Context: Despite its potent, well documented insulin sensitizing effects, rosiglitazone (RSG) does not effectively ameliorate the hypertriglyceridemia of insulin-resistant or diabetic individuals and has even been shown to slightly but significantly increase triglyceride-rich lipoproteins (TRL) in some studies. The mechanism of this effect is currently not known.

Objective: We investigated the effect of RSG treatment on TRL metabolism.

Design: 12-week, single-sequence, crossover study, rosiglitazone vs placebo for 6 weeks.

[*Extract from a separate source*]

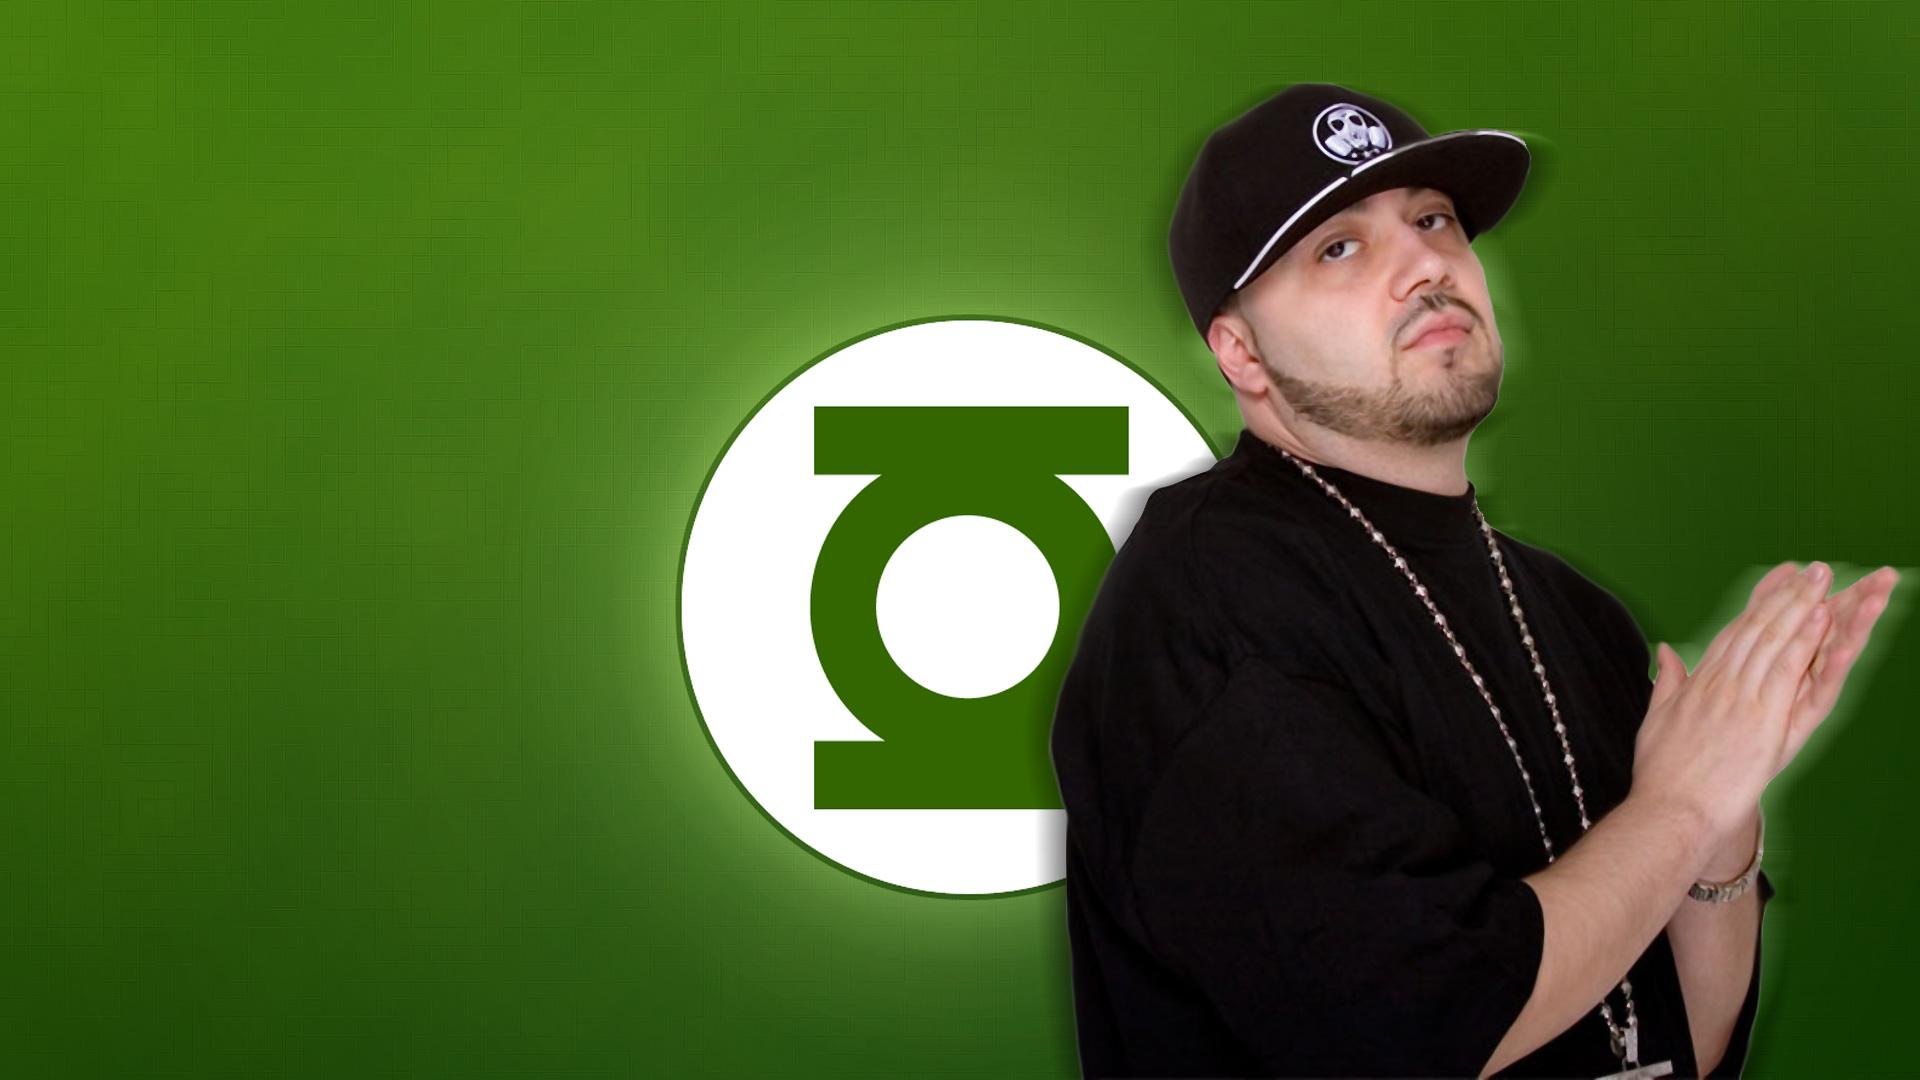 dj-green-lantern

Participants: 17 non-diabetic men with a broad range of insulin sensitivity.

Intervention: Rosiglitazone 8mg/day vs placebo for 6 weeks.

Main outcome measure: TRL metabolism (concentration, production and catabolic rates) was assessed in a constant fed state with a 12-hour primed constant infusion of [D3]-L-leucine and multicompartmental modeling.

Results: RSG treatment resulted in significant insulin sensitization with no change in body weight. Fasting plasma triglyceride (TG) concentration, however, was higher with RSG vs placebo (p=0.0006), as were fasting and fed TRL-TG, TRL-apoB-48 and TRL-apoB-100 (fed TRLapoB-48: 0.93±0.08 vs 0.76±0.07 mg/dl, p=0.017 and fed TRL-apoB-100: 15.57±0.90 vs 13.71±1.27 mg/dl, p=0.029). This small but significant increase in plasma TRL concentration was explained by a tendency for RSG to increase TRL production while reducing particle clearance, as indicated by the significantly increased production/clearance ratios for both apoB48-containing (0.43±0.03 vs 0.34±0.03, p=0.048) and apoB-100-containing (7.0± 0.4 vs 6.2±0.6, p=0.029) TRL.

Conclusion: These data indicate dissociation between the insulin-sensitizing effects of RSG and absence of anticipated reductions in production rates of apoB-100- and apoB-48-containing-TRL particles, which may explain the absence of TG-lowering seen in humans treated with this agent.